■ **Activity**
Your task is to restate word for word the lines in the material below, from the one with "Banner picture of" up to and including the one with "Cedar County Memorial". Do not carry over the pictures.

■ **Records for the exercise**
BEGIN

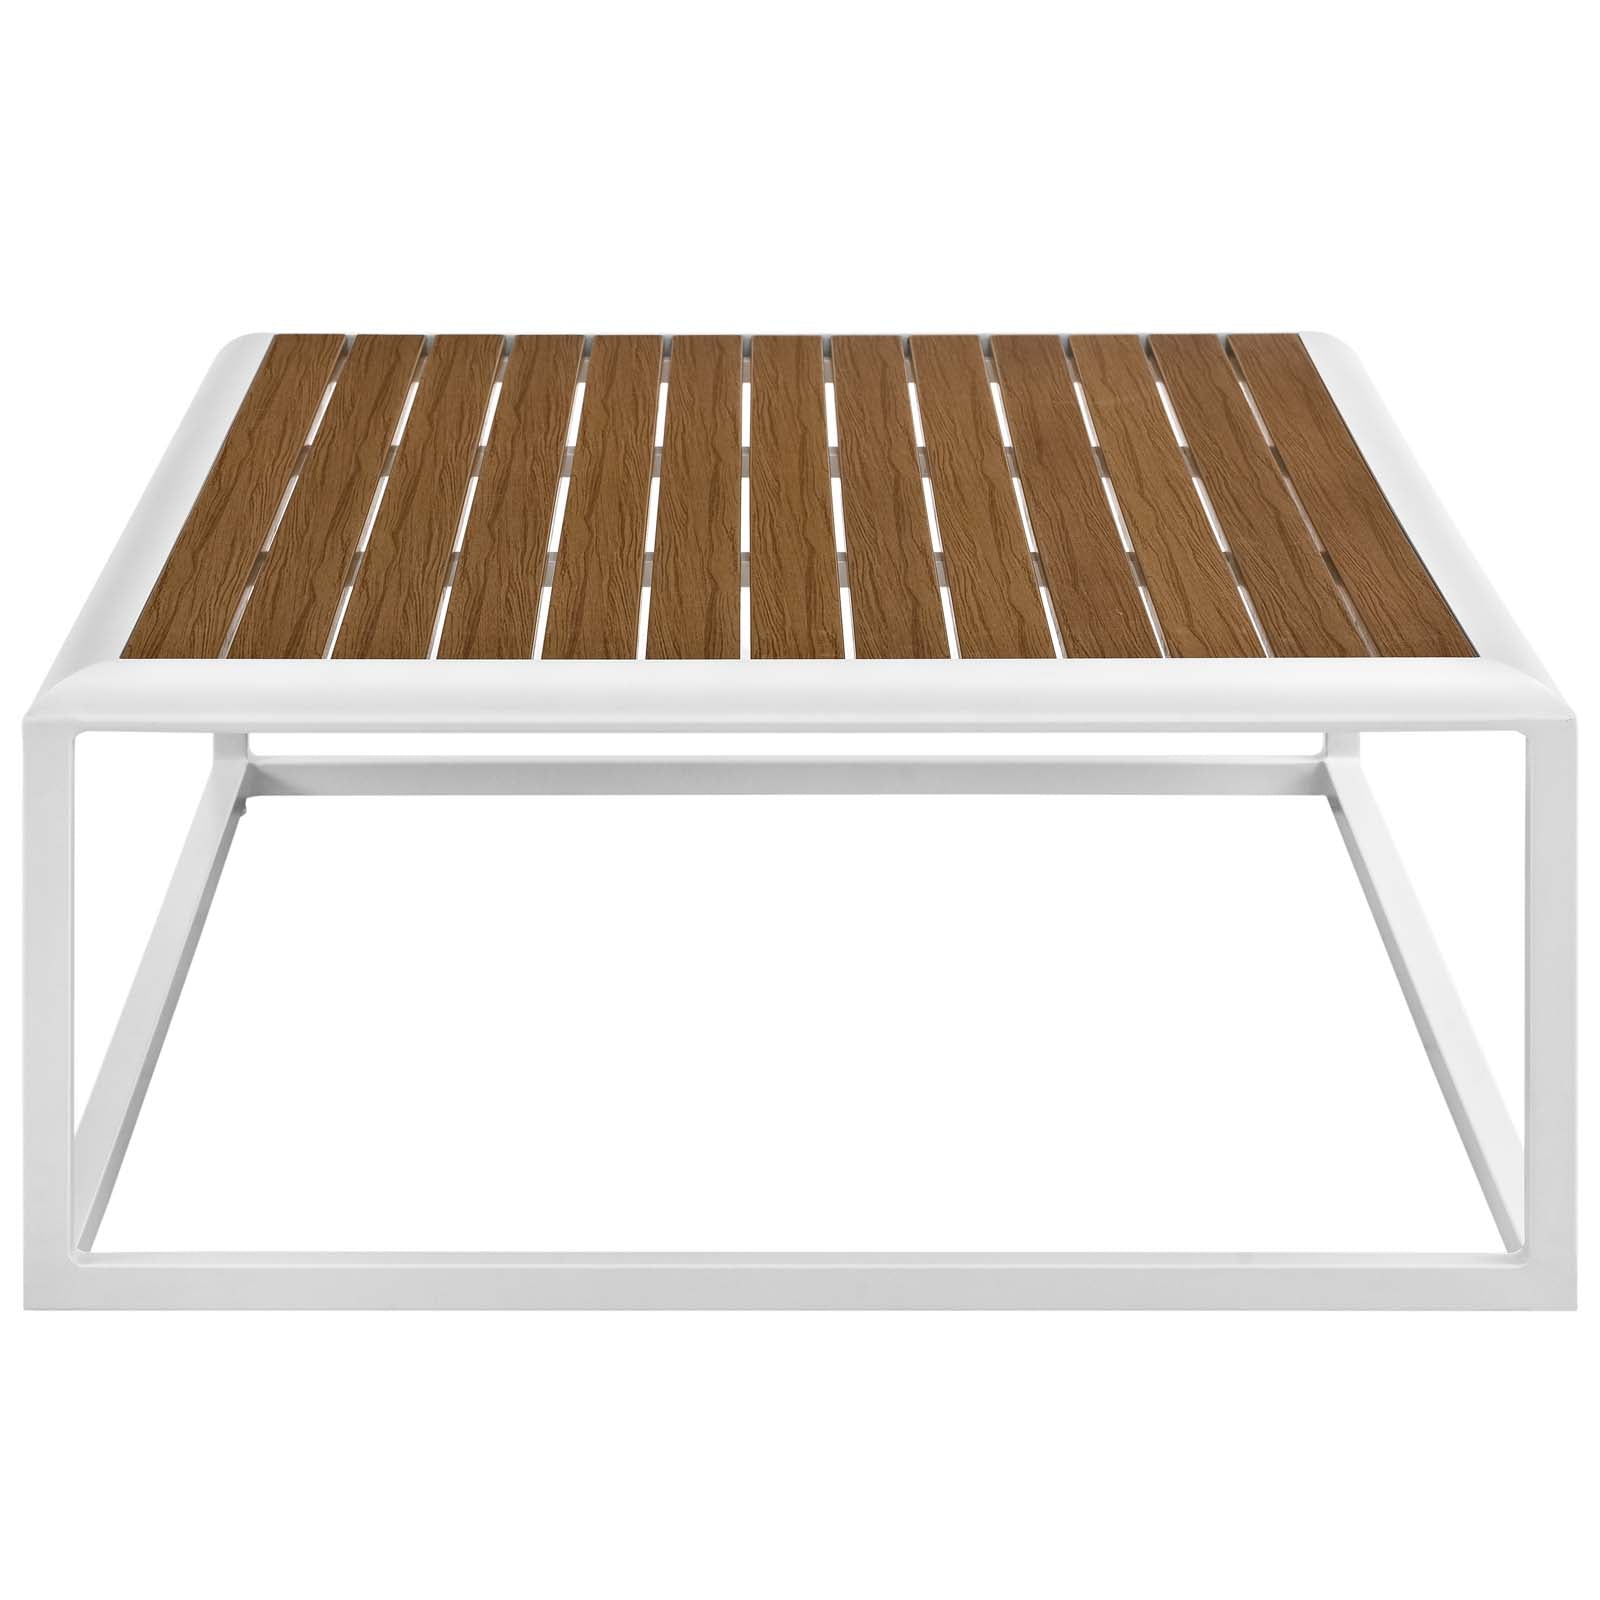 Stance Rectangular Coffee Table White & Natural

END
BEGIN

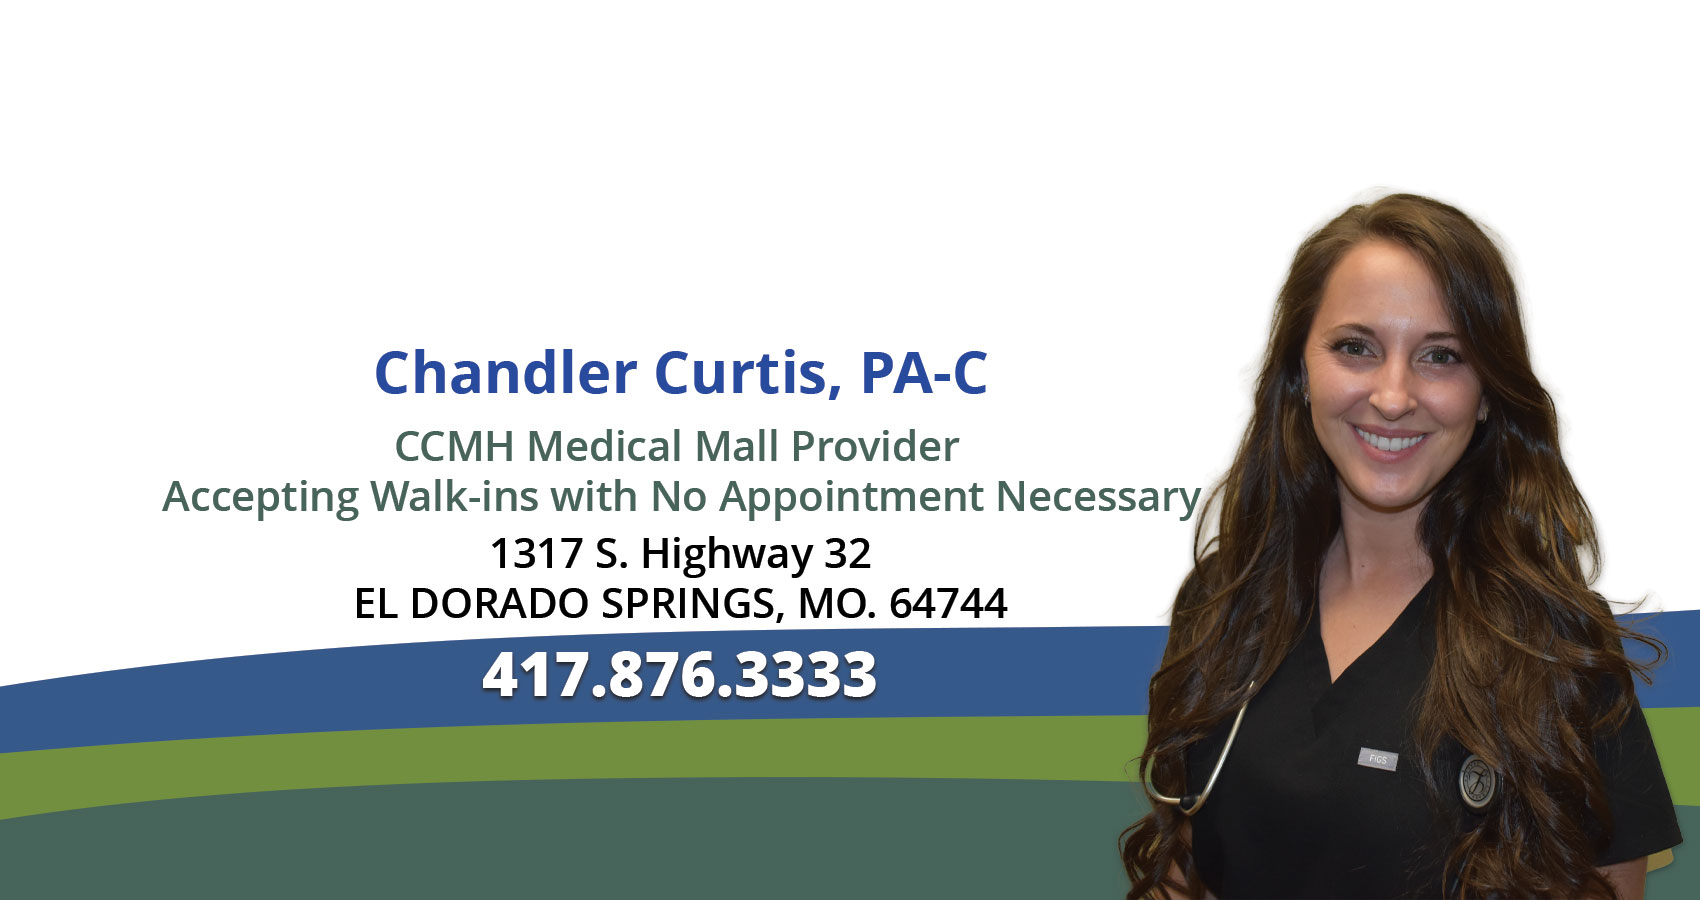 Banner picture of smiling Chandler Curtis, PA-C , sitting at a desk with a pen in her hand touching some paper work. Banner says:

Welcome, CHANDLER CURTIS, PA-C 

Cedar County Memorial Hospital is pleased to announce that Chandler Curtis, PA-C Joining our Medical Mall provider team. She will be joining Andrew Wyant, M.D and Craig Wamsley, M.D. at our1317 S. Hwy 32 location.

END

■ **Solved problem**
 Banner picture of smiling Chandler Curtis, PA-C , sitting at a desk with a pen in her hand touching some paper work. Banner says:

Welcome, CHANDLER CURTIS, PA-C 

Cedar County Memorial Hospital is pleased to announce that Chandler Curtis, PA-C Joining our Medical Mall provider team. She will be joining Andrew Wyant, M.D and Craig Wamsley, M.D. at our1317 S. Hwy 32 location.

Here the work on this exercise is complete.